Los pasajes del relato son curiosos en su mayoría, pero uno sobresale al sugerir una vida libre de pecados y de violaciones a las normas morales emanadas del orden divino. Diego de Boroa lo “colige” –deduce- confiando que fue designio del Señor y por ello el muerto “conservo sin mansilla su pureca virginal en lo florido de su edad en medio de las abominaciones del siglo”.  Muerto que también practicaba flagelaciones purificadoras, aunque no por faltas propias sino ajenas a las que “manconuba consigo (…) y dando contra su cuerpo inocente la vengava en sí mismo”.

La presunción rebela por su soberbia, pero cedamos la razón al que presume esa presunción a condición de intentar trascender la noción de pecado entendida como falta cotidiana y terrenal. Juan Darío es ejemplo magnifico de hombres sometidos a ideas y sentidos de la historia trascendente. No pecó por entregarse a la certeza de una realidad superior que determina al propio ser y su rol en este mundo de manera fatal. Una realidad sobrehumana con final escrito de antemano y a cuyo fin sirve sin evaluar la relación entre éste y los medios para alcanzarlo.

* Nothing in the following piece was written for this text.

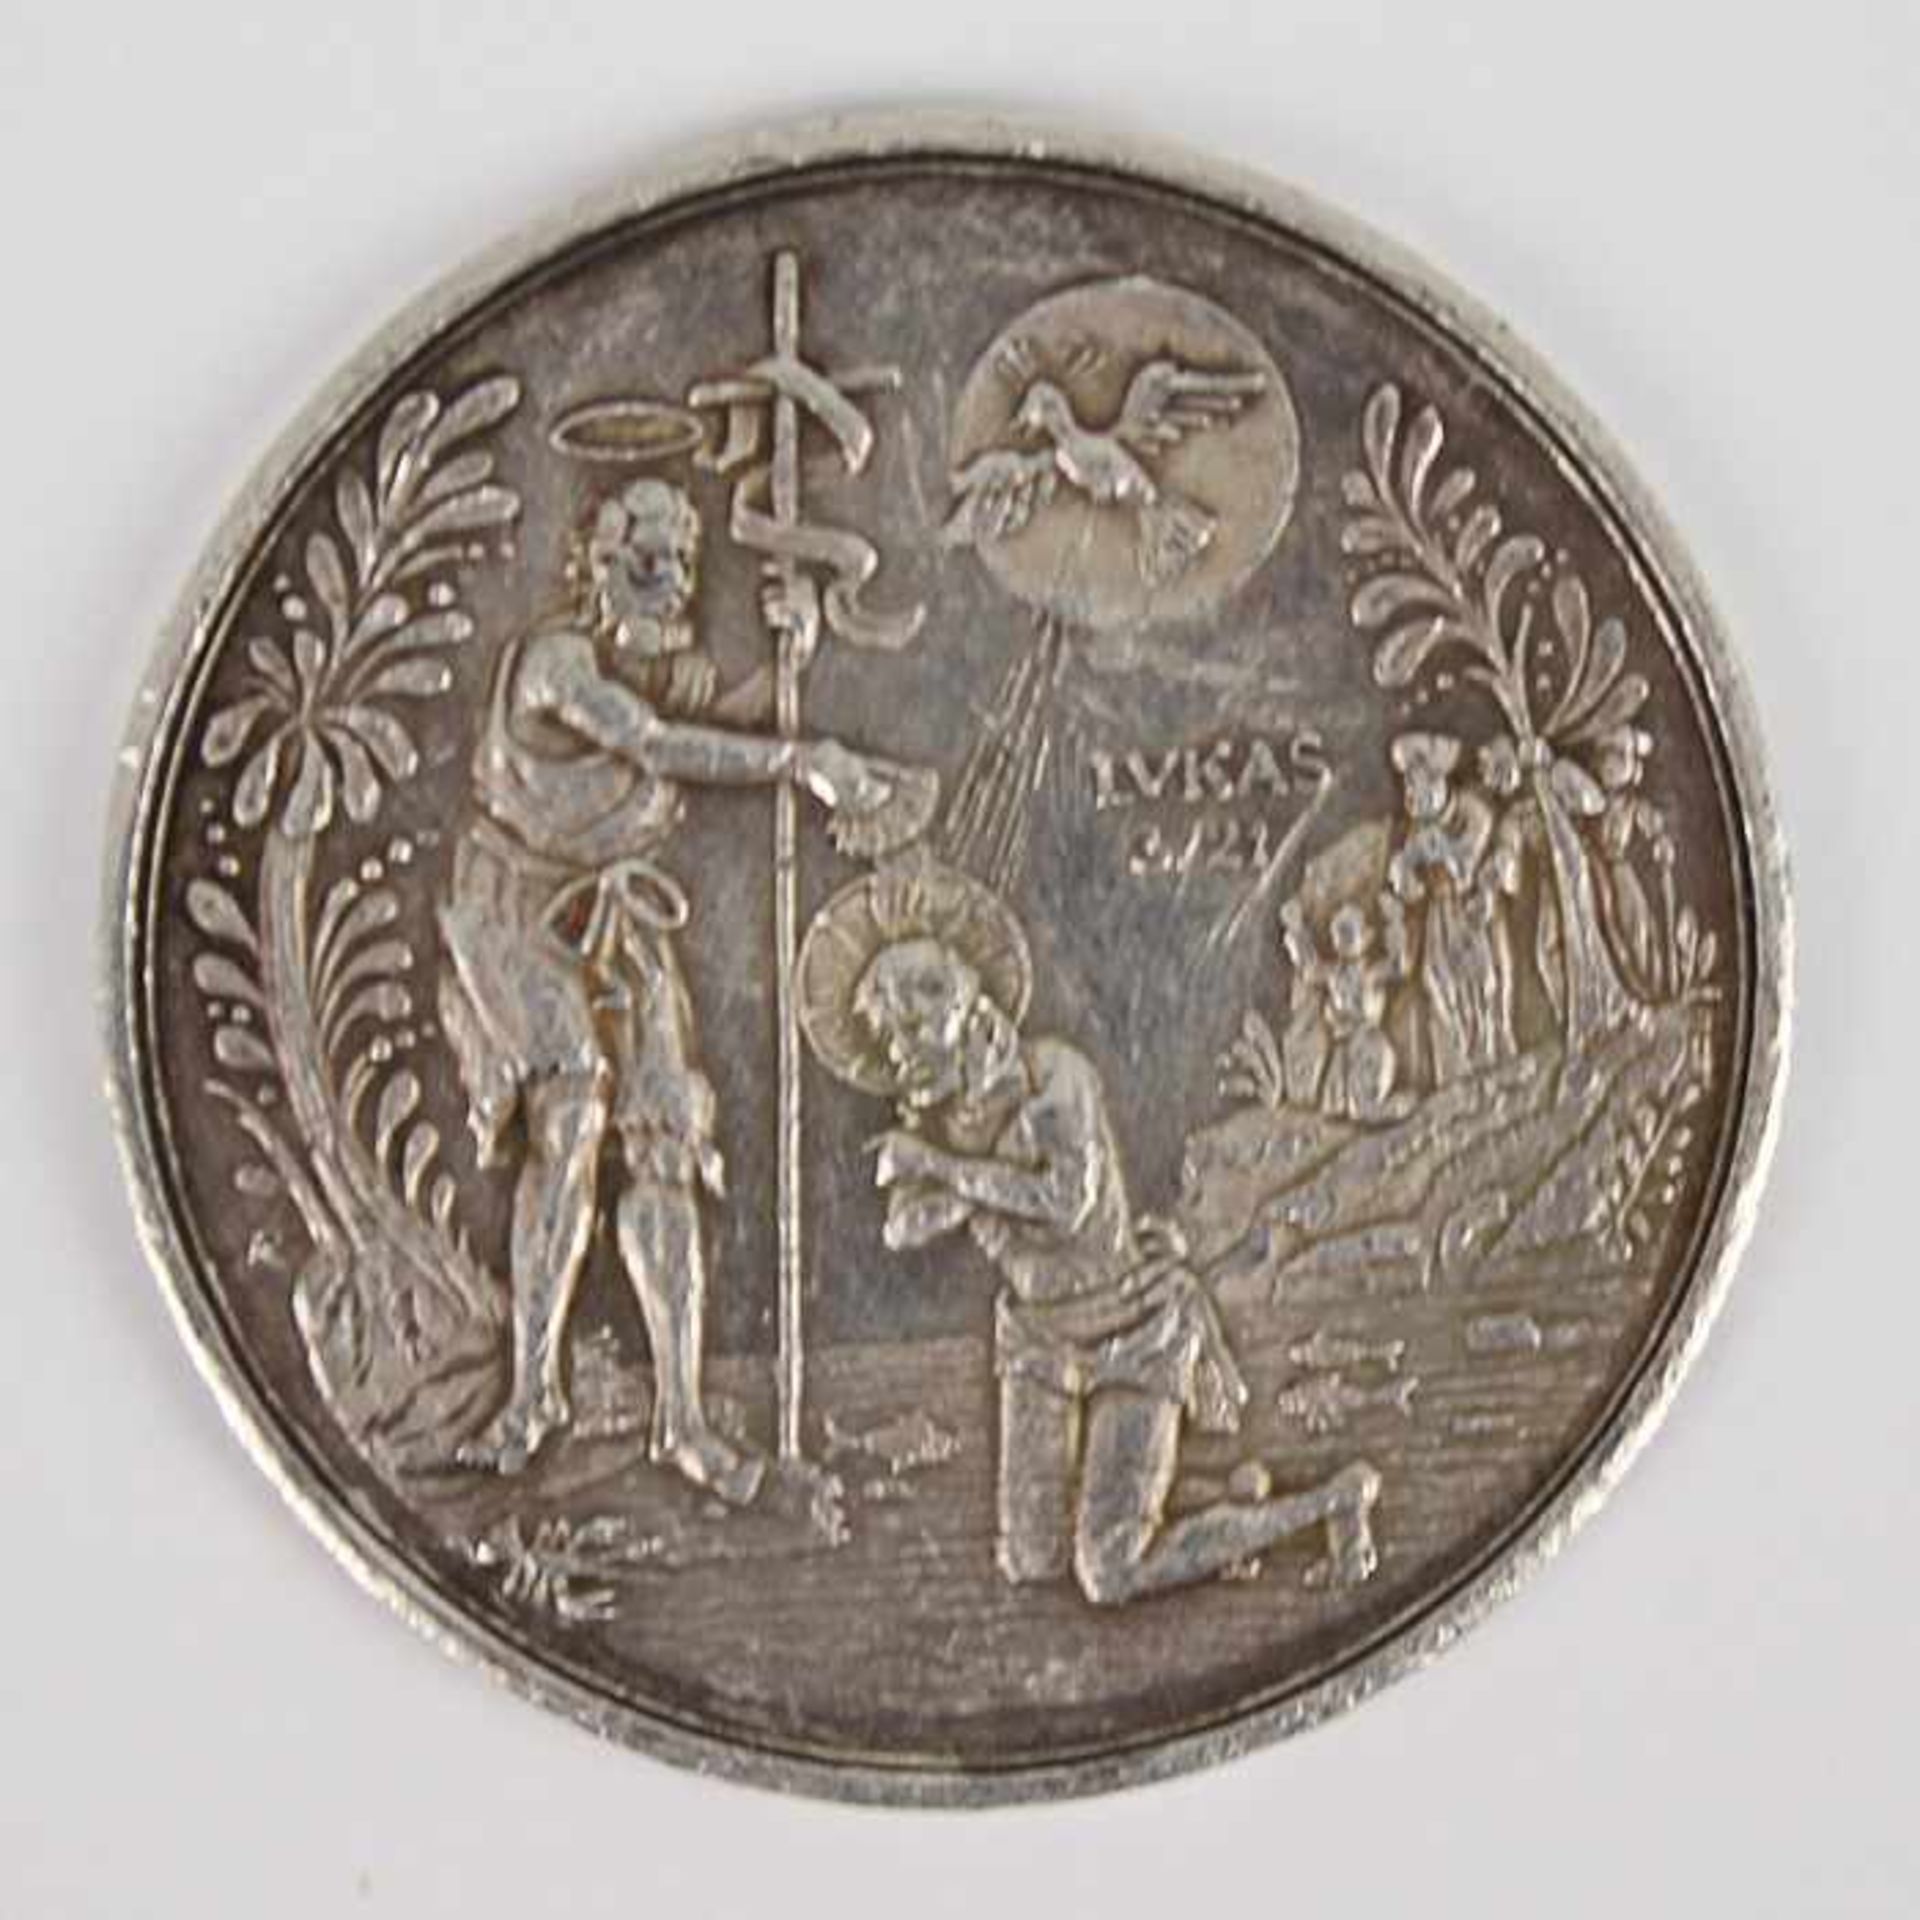 SilbermedailleSi 999, Medaillenkunst, Taufe im Jordan, Lamm mit Fahne, G 19,8 g, D 4 cm, vz

Admitamos que ciertos enfoques actuales disculpan a Juan Darío y sus arbitrariedades con los indígenas. Dirían que la realidad asfixiante que saturó su existencia explica a un sujeto que incapaz de escapar a ella termina reproduciéndola. Ese tipo de argumentos vuelve más seductor la noción del pecado liberador apostando, por ello, a una apología del mismo como irreverencia ante todo lo que se presenta como divino o natural. El pecado, en definitiva, lanza al irreverente a procesos sin finales escritos y a la convicción de que el hombre hace la historia, y no a la inversa, optando por la incertidumbre de la razón humana en vez de la tranquilidad de las promesas religiosas o las ideologías canonizadas. A los pecadores en éste sentido se debe el fin de las prácticas como las reseñadas por Diego Boroa de manera heroica. Pecado y desobediencia contra lo instituido como un ejercicio liberador que echa a andar la historia.